= Beginning of Section =

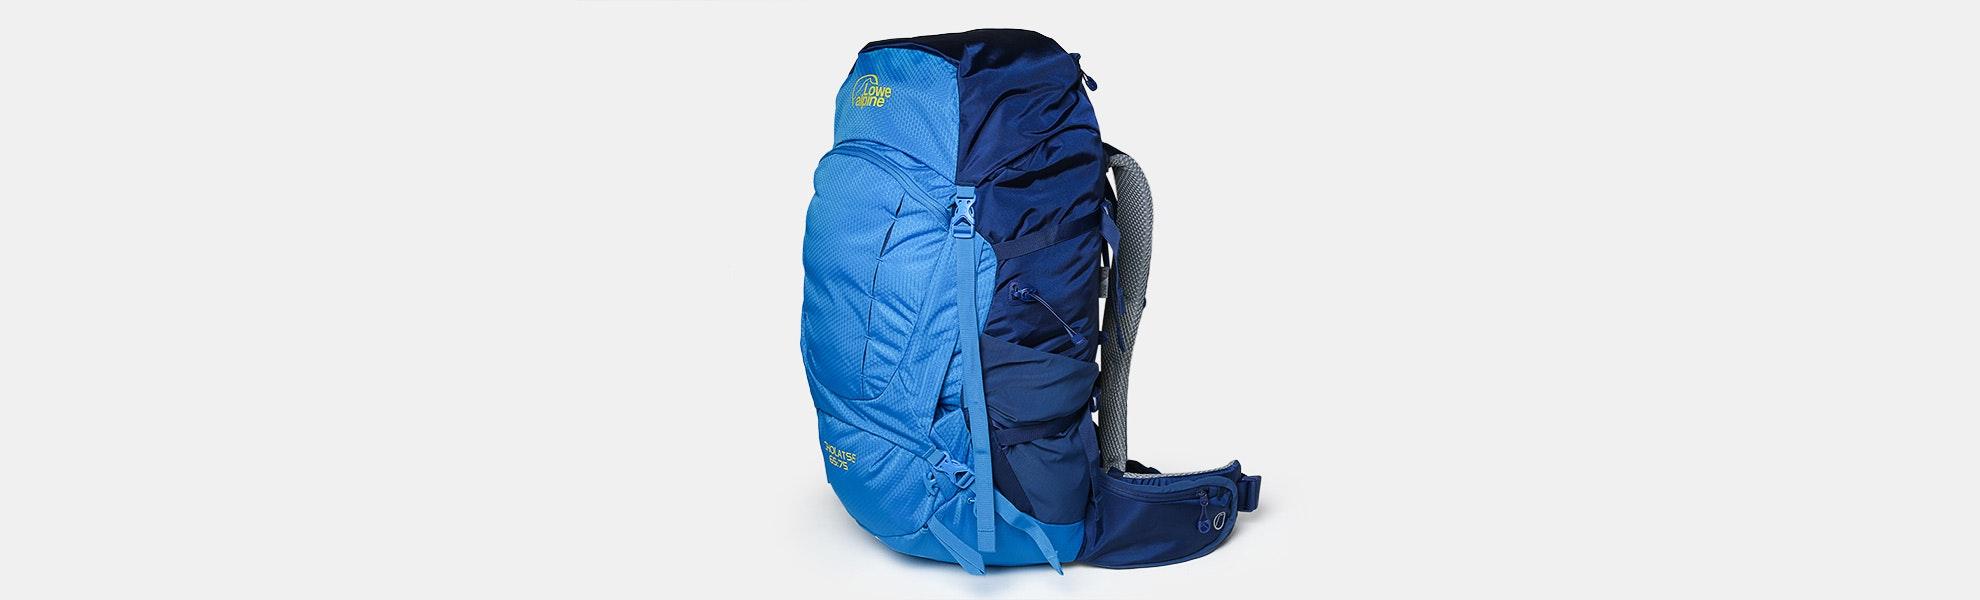 Lowe Alpine Cholatse Backpacks
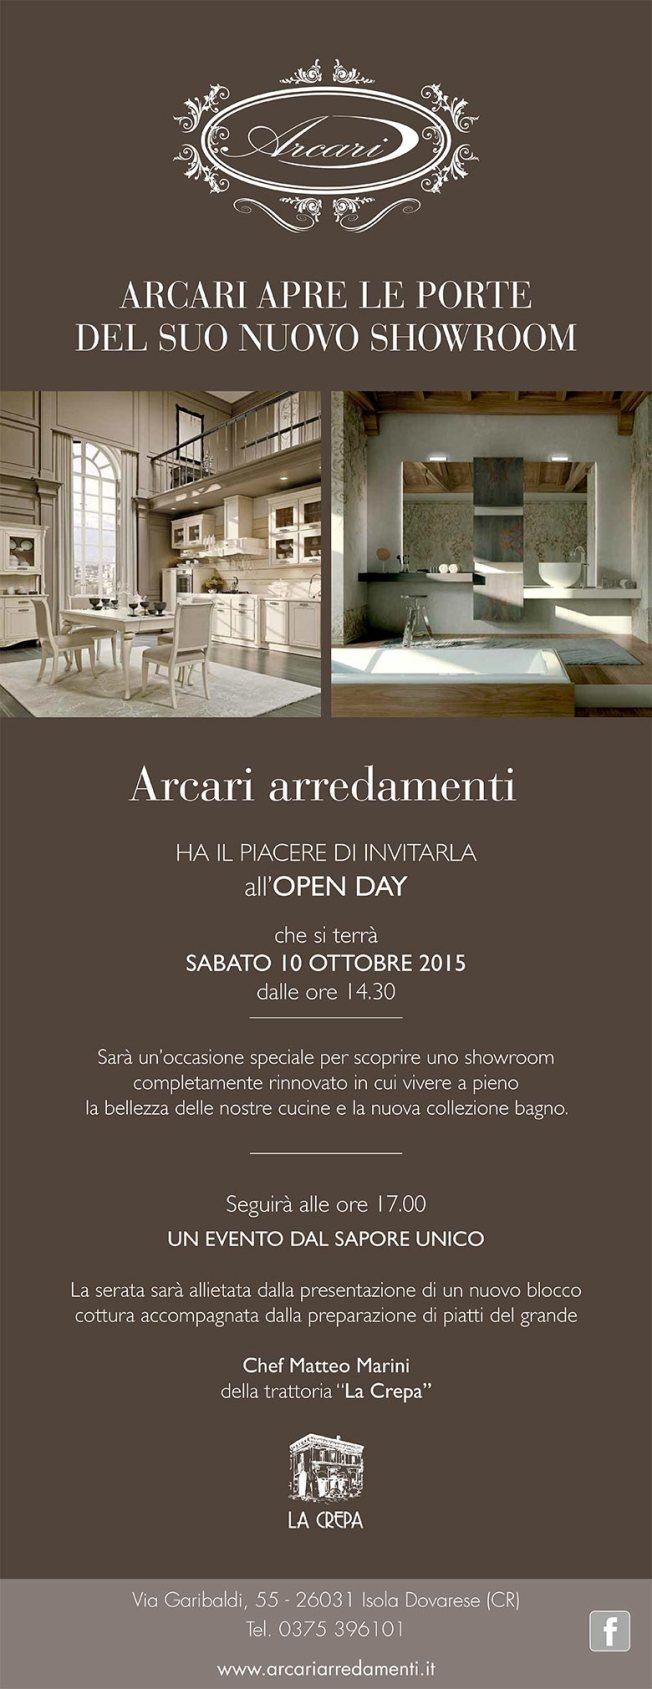 Arcari Aredamenti, Isola Dovarese, Made In Isola Dovarese, Cremona, Oglio-Chiese, 2015
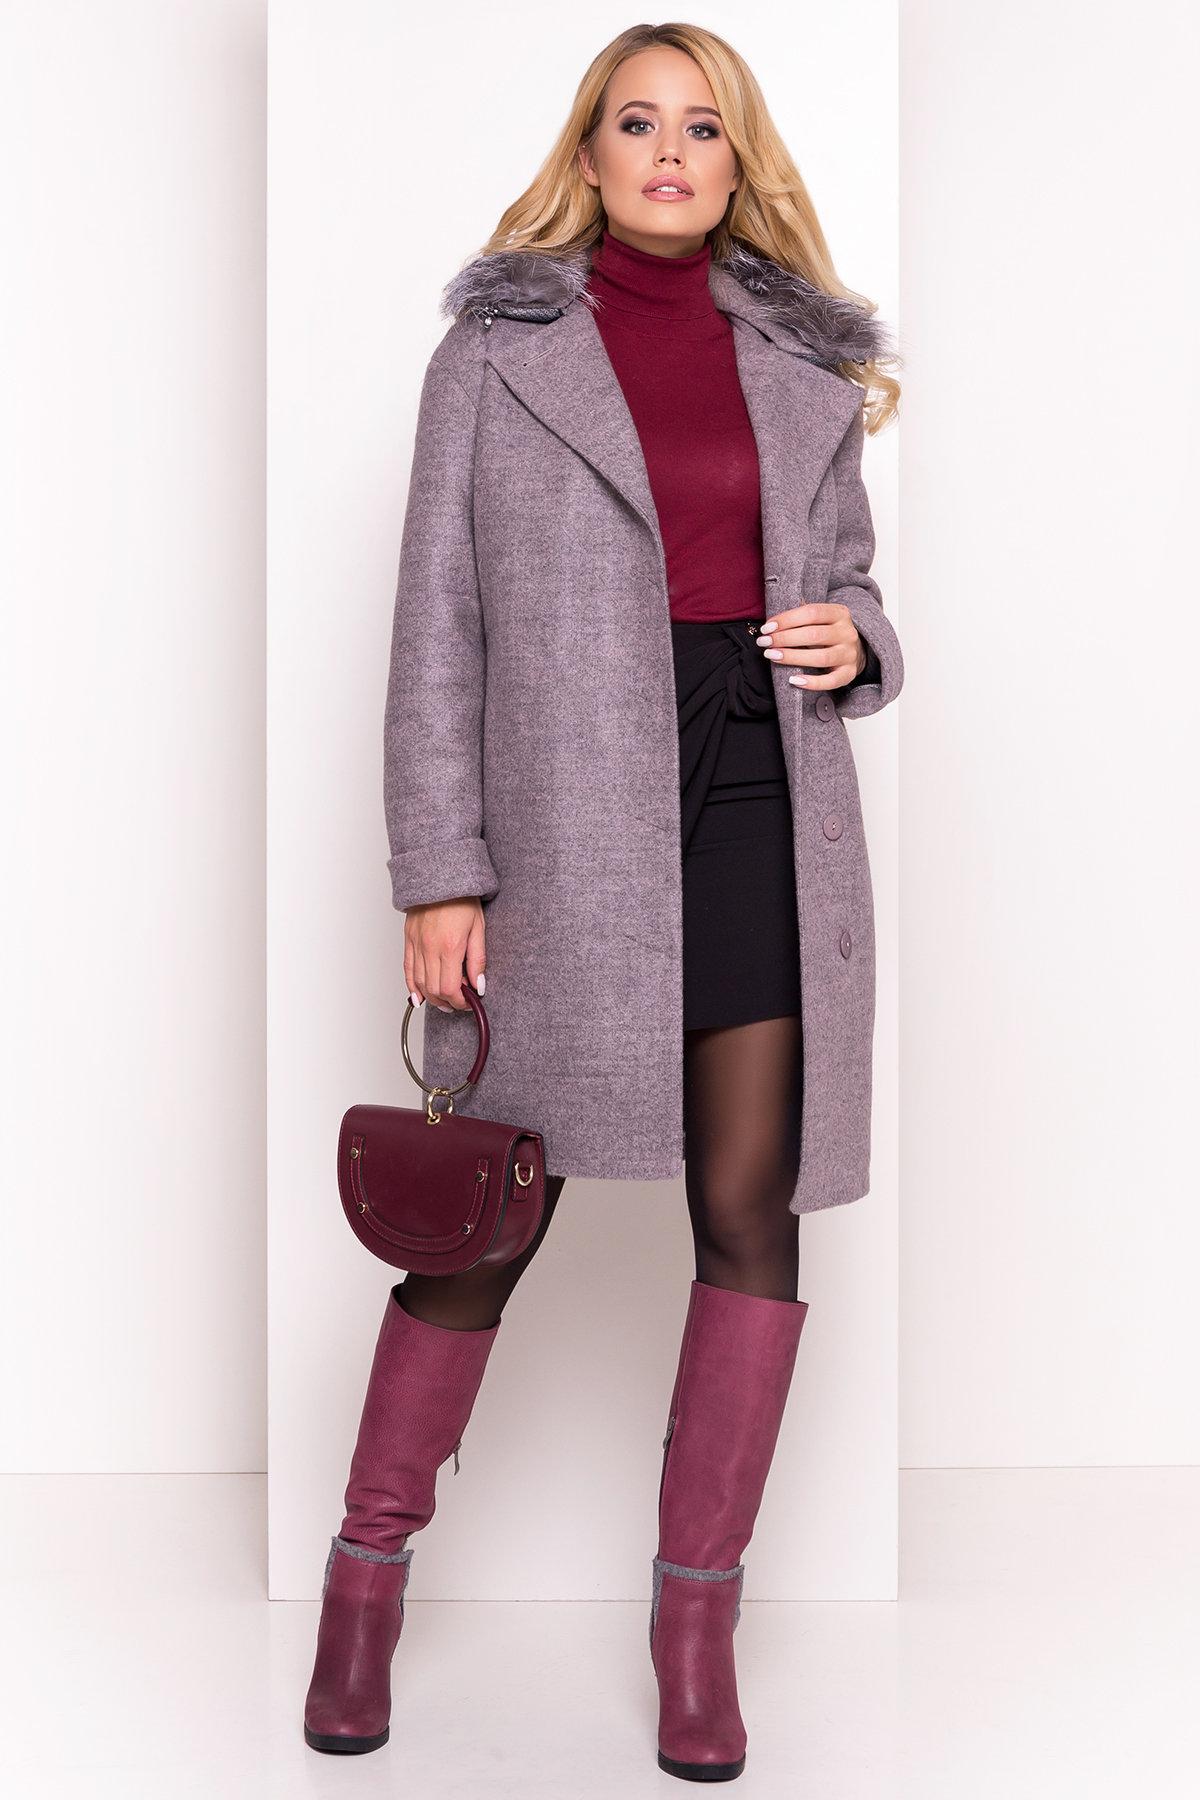 Пальто зима Приора 5669 АРТ. 38174 Цвет: Карамель 20 - фото 3, интернет магазин tm-modus.ru

= End of Section =

## What to work on
Write out, please, the lines of the listing above from the one with "Arcari Aredamenti, Isola" through the very last, exactly as given and with no pictures.

## Output for this exercise
 Arcari Aredamenti, Isola Dovarese, Made In Isola Dovarese, Cremona, Oglio-Chiese, 2015
 Пальто зима Приора 5669 АРТ. 38174 Цвет: Карамель 20 - фото 3, интернет магазин tm-modus.ru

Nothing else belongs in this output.